With oxycodone and other short-acting opioids, being in withdrawal is a good indicator that PW (precipitated withdrawal) won't be a big issue. But with methadone, PW can occur even after being in withdrawal for several days.

If a patient comes to me for treatment, and is being prescribed methadone, I ask the physician to instead prescribe oxycodone for a couple weeks, then we do the induction. If the person is going to a methadone clinic, that is not an option... so the key is to get the tolerance to below 40 mg methadone per day, which you have done... and go as long as possible without methadone before starting buprenorphine. If you can have an interval of 3-4 days, you should be OK.

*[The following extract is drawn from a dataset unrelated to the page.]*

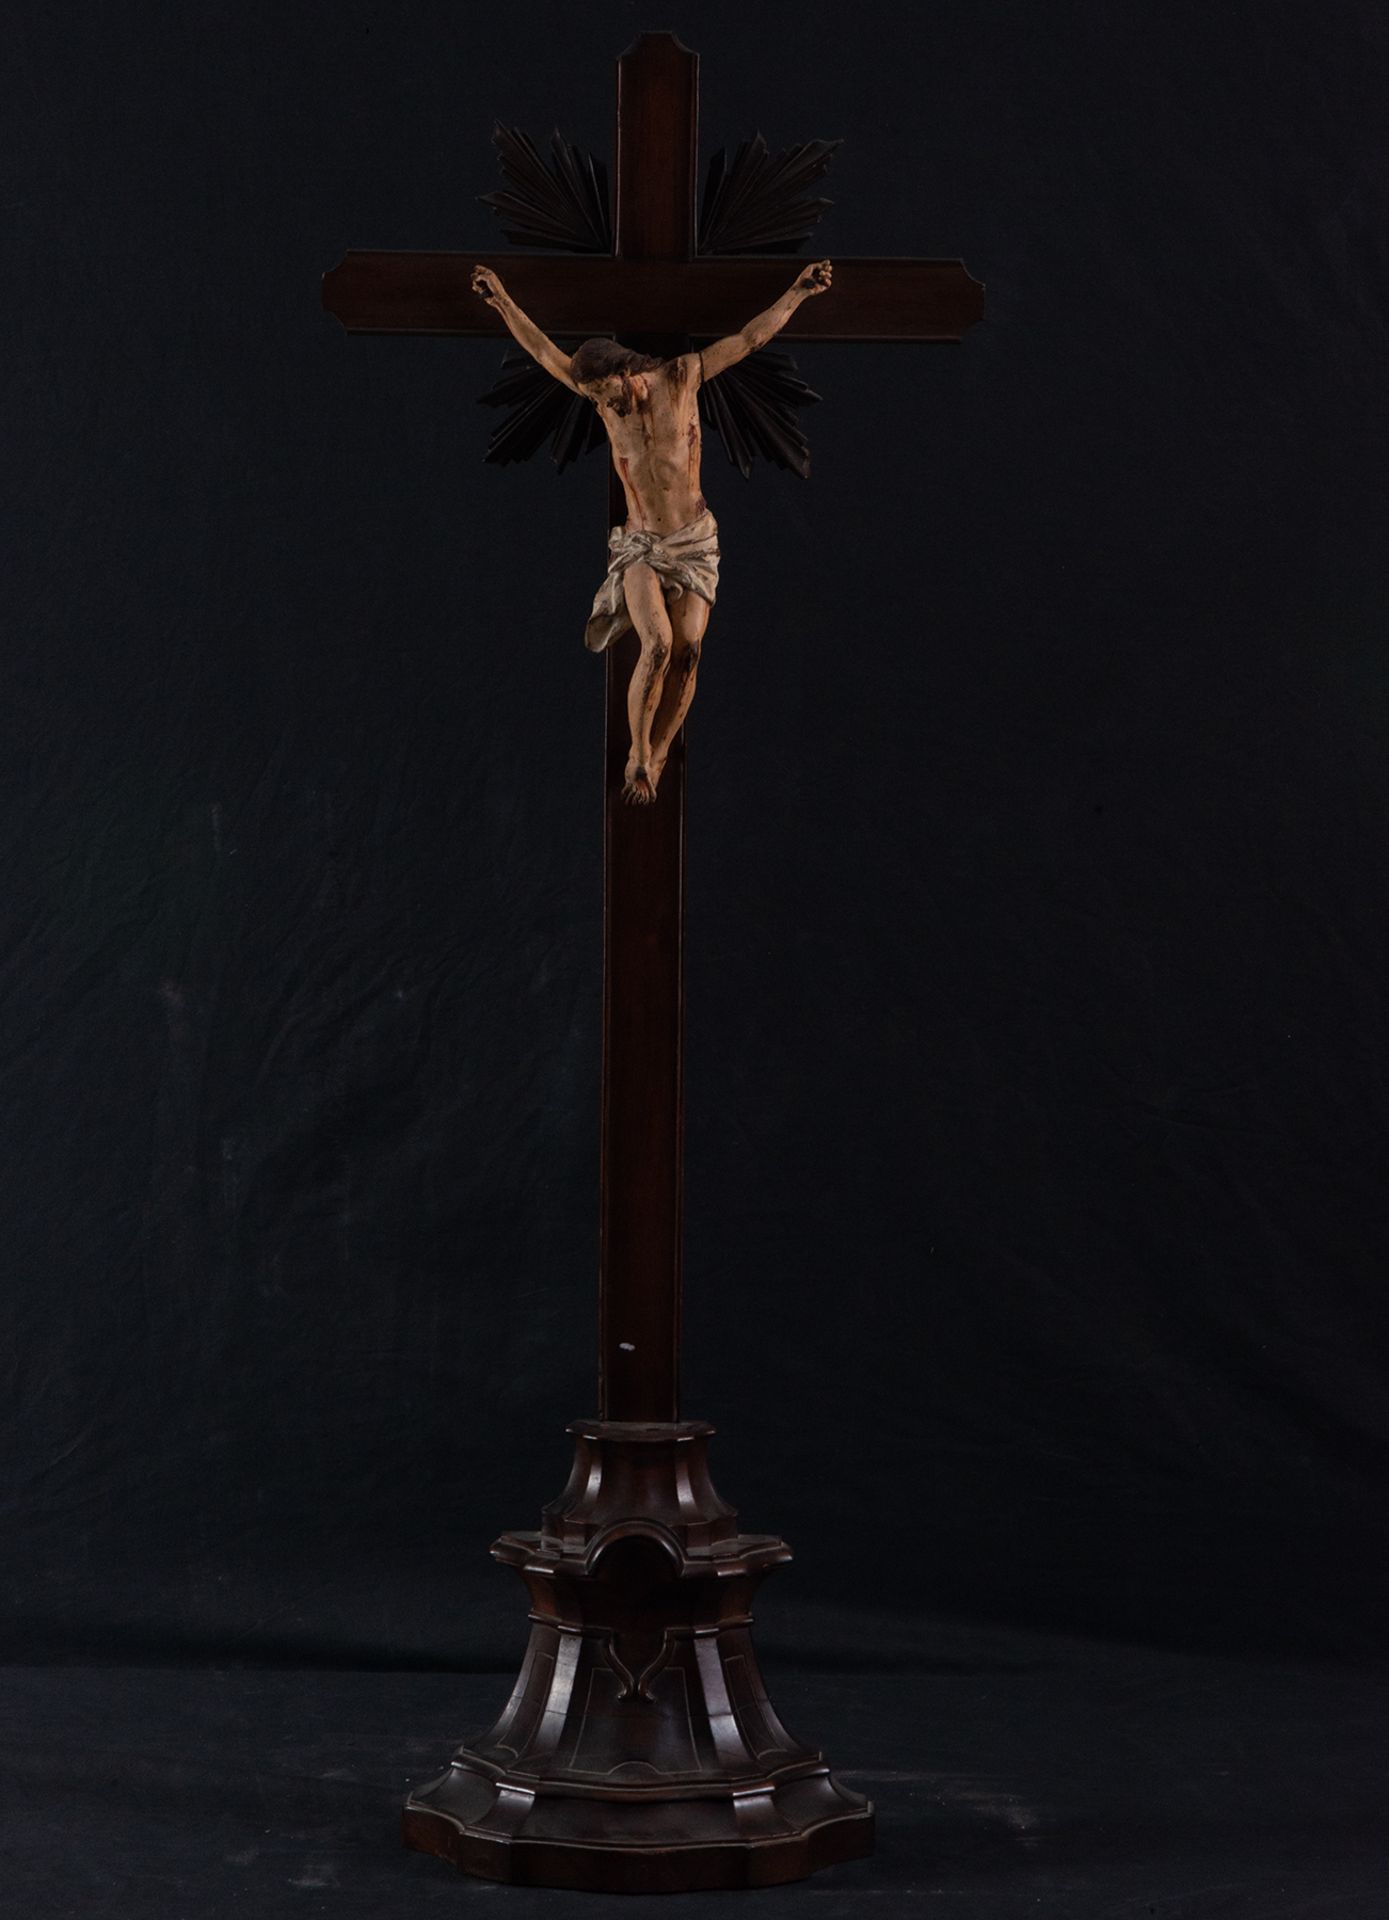 Christ on the Cross, colonial Quito or Guatemalan work from the 18th century

Two things... if you DO get PW, the key is to take your daily dose of buprenorphine and avoid agonists. If you do that, the PW will be gone quickly-- maybe even by the next day. If you start taking agonists including heroin, you will create a mess that can last for days,.

Second-- Please consider what you wrote with a skeptical eye. You went through all the trouble of stopping buprenorphine, and what happened? You reduced your dose of methadone, and what happened? You are describing the classic story for most opioid addicts-- a cycle of using, regret, confidence, and then using again. You are still around to tell the story, but so many people end up with hep C or die from overdose at some point in the cycle. Consider building a life for a few years.. and only then taking away the seat belt that has the ability to keep you alive.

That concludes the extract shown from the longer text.